Given data:
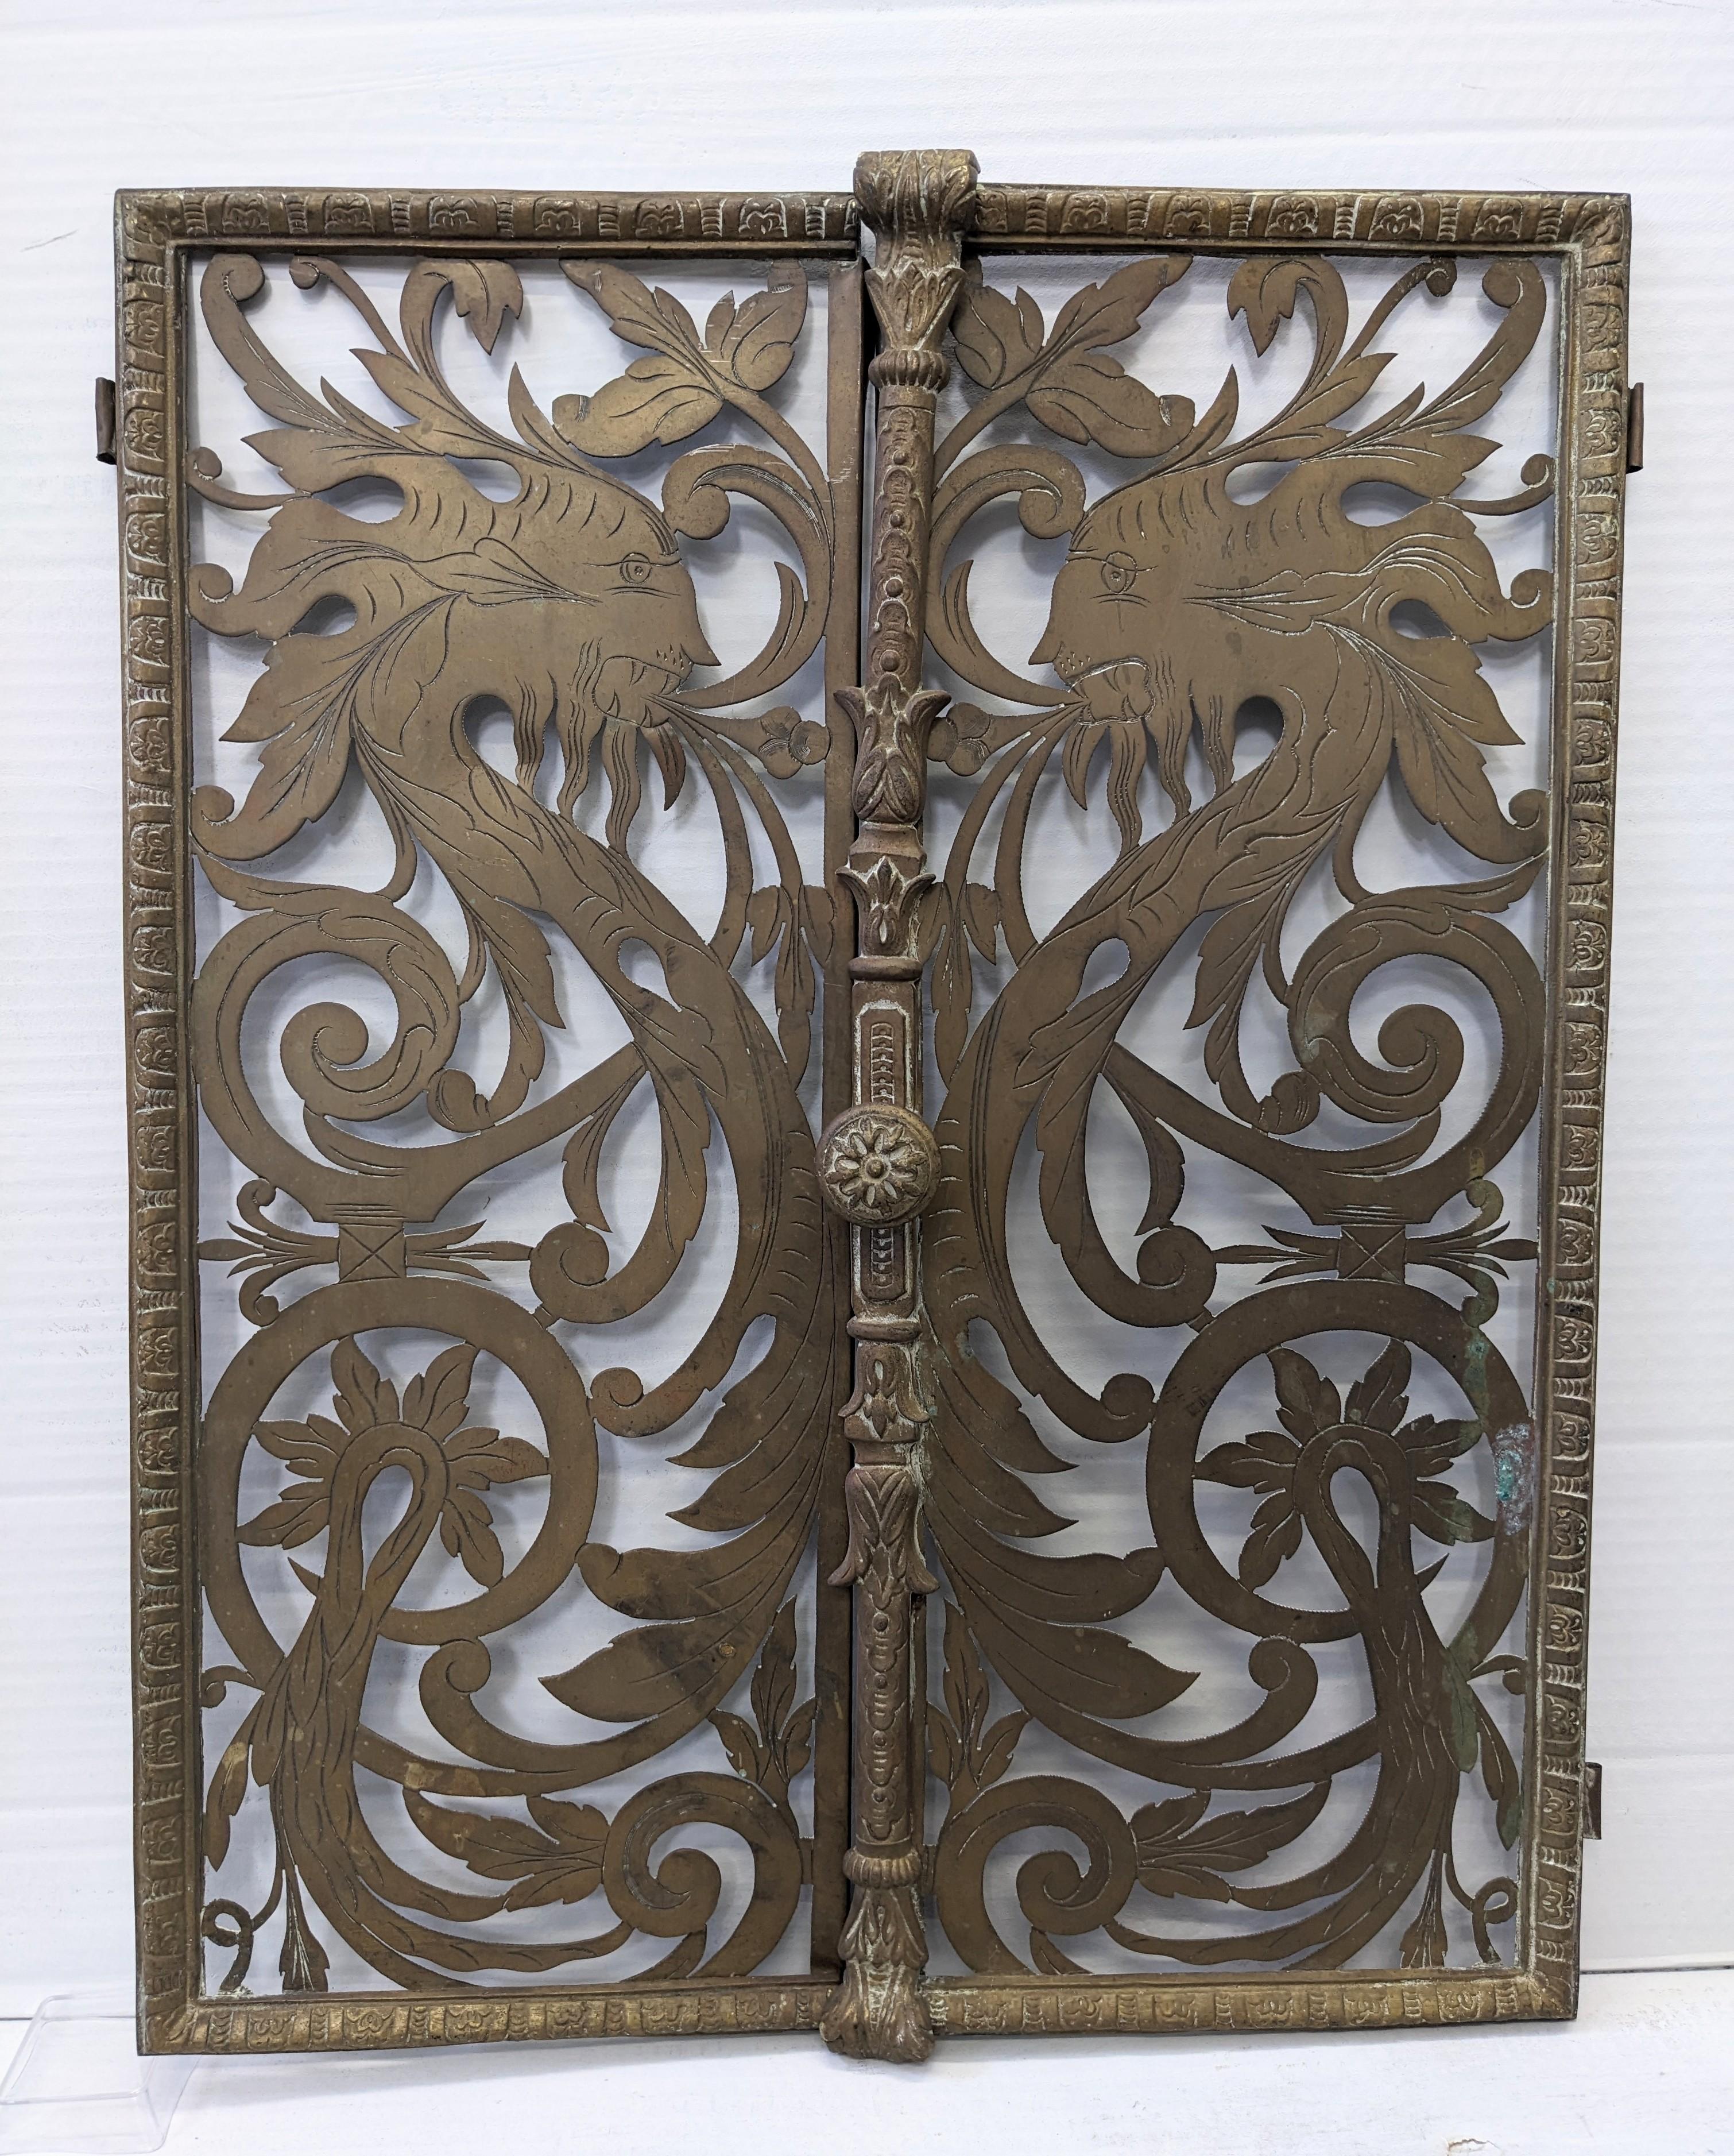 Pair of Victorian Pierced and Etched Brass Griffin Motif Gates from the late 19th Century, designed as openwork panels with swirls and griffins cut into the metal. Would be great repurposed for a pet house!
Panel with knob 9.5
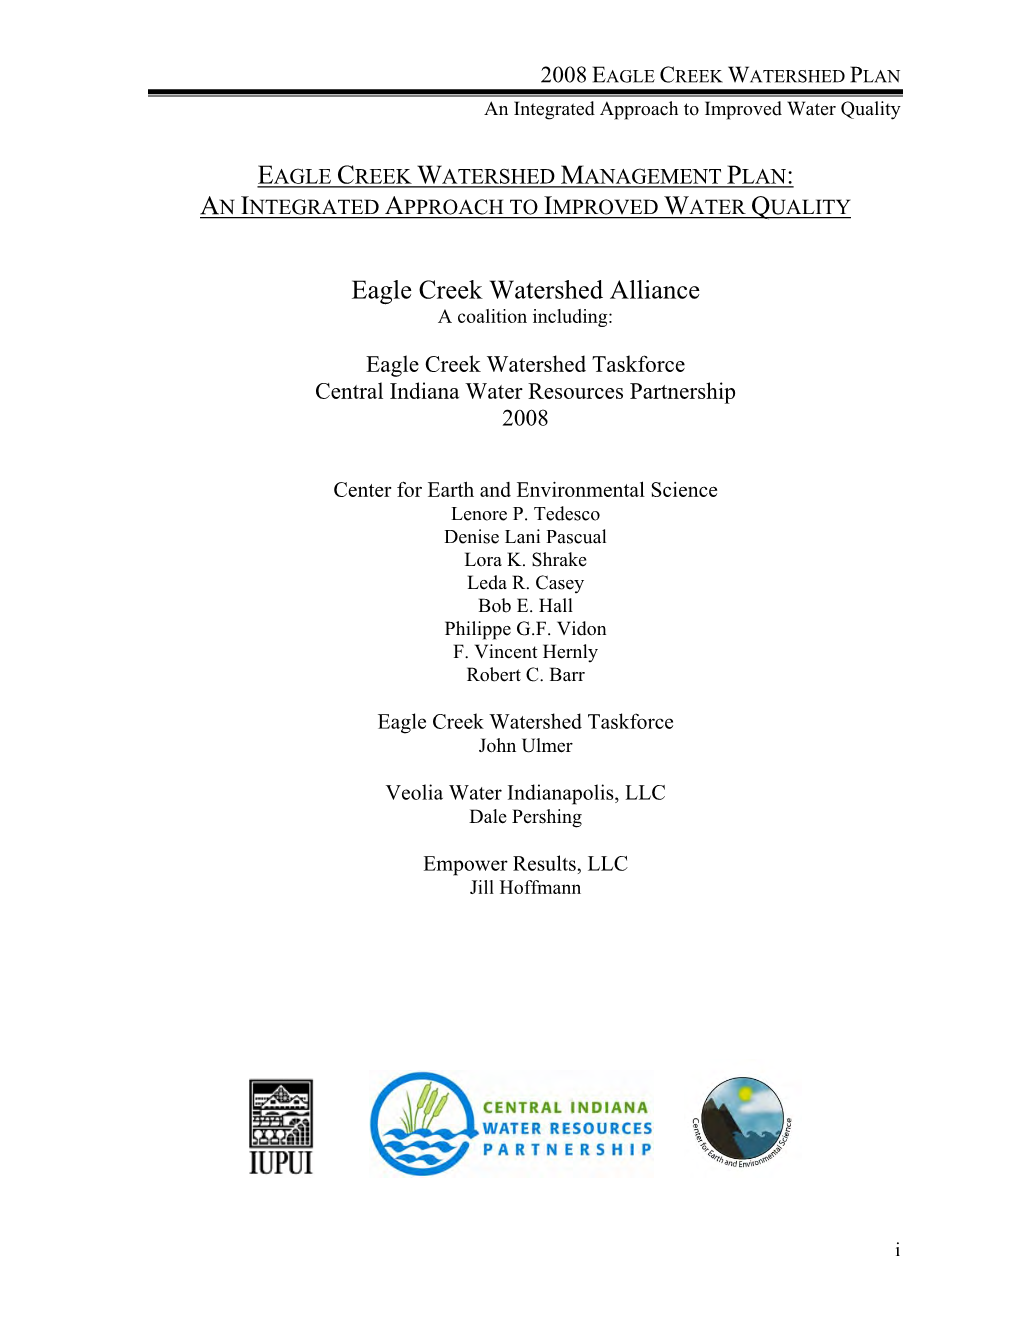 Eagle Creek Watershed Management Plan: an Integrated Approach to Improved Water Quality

The task: Repeat, exactly and in full, each line from the start of the data to the line that contains "Panel with knob 9.5". Pictures do not go in.

Problem solution:
 Pair of Victorian Pierced and Etched Brass Griffin Motif Gates from the late 19th Century, designed as openwork panels with swirls and griffins cut into the metal. Would be great repurposed for a pet house!
Panel with knob 9.5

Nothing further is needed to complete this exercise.